📉 The Financial Deep Dive
E.I.D. Parry (India) Limited has unveiled its third-quarter and nine-month results for FY26, showcasing a tale of two distinct business performances.
The Numbers:
- Consolidated: The company reported a strong 18.3% year-on-year revenue growth for the quarter, reaching ₹10,316 Cr. Consolidated Profit After Tax (PAT) attributable to owners surged by 18.6% to ₹232.15 Cr. EBITDA also saw a healthy 10.3% rise to ₹895 Cr.
- Standalone: In contrast, the standalone operations faced headwinds, with revenue declining by 8.8% to ₹773 Cr. The standalone business continued to report a net loss, which significantly reduced to ₹54.35 Cr from ₹259.75 Cr in the prior year's quarter. This improvement was notably aided by substantially lower exceptional items, which included a ₹352.23 Cr impairment of investment in the previous year.
Segmental Performance:
- The Farm Inputs division, primarily through its subsidiary Coromandel International, posted a PBIT of ₹741 Cr, a rise from ₹717 Cr.
- Sugar operations showed an improvement, with a loss before interest and tax (PBIT) of ₹30 Cr, narrowing from a ₹59 Cr loss.
- The Distillery segment reported a widening loss of ₹15 Cr, up from ₹1 Cr.
- Consumer Products Group (CPG) revenue saw a decrease to ₹143 Cr from ₹236 Cr, attributed to lower sweetener revenues and volumes.
Corporate Actions & Strategic Moves:
- Coromandel International completed the acquisition of NACL Industries Limited in August 2025.
- Coromandel International approved an interim dividend, with an estimated inflow of ₹148.91 Cr for E.I.D. Parry.
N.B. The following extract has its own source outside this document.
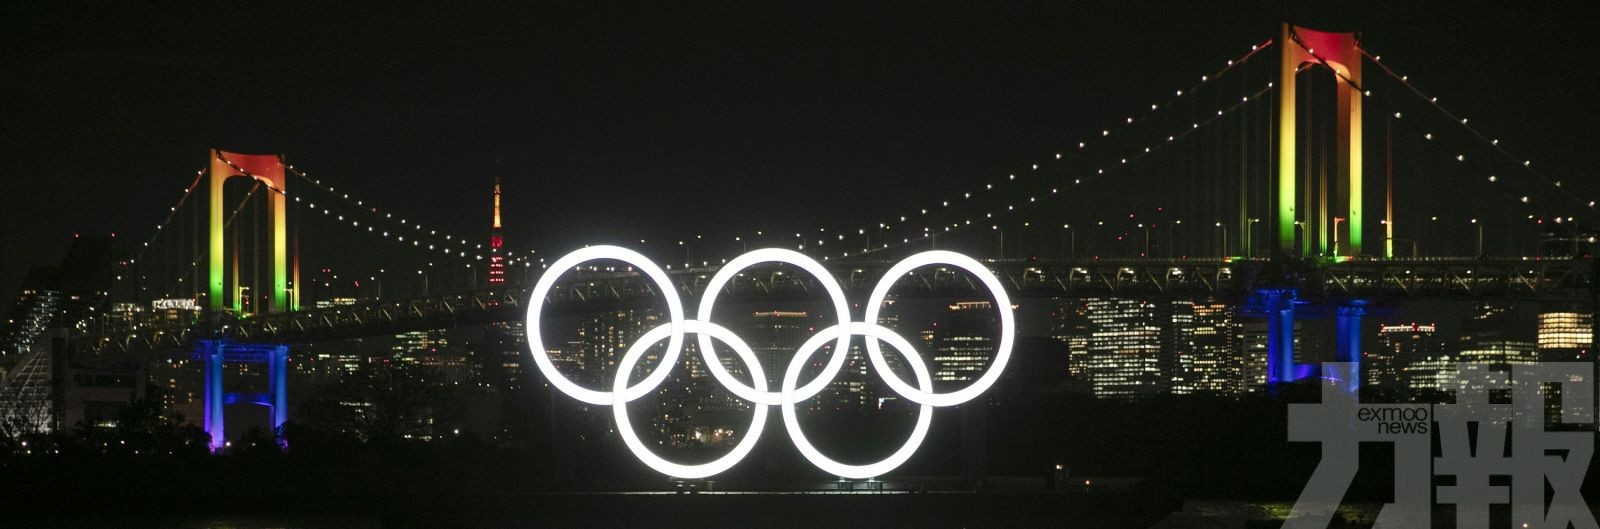 東京奧運公布最終經費開支

- The Board also approved the sale of up to 1.5 million equity shares of Coromandel International (representing 0.51% stake).
🚩 Risks & Outlook:
The company has not provided specific forward-looking financial guidance in this report. Investors will need to closely monitor the integration of NACL Industries and the turnaround efforts for the standalone business, particularly the CPG and Distillery segments. While the consolidated performance driven by Farm Inputs is robust, the standalone segment's ongoing challenges remain a key watch area. The sale of a small stake in Coromandel International may be a minor concern for some investors, although the dividend inflow is a positive for liquidity.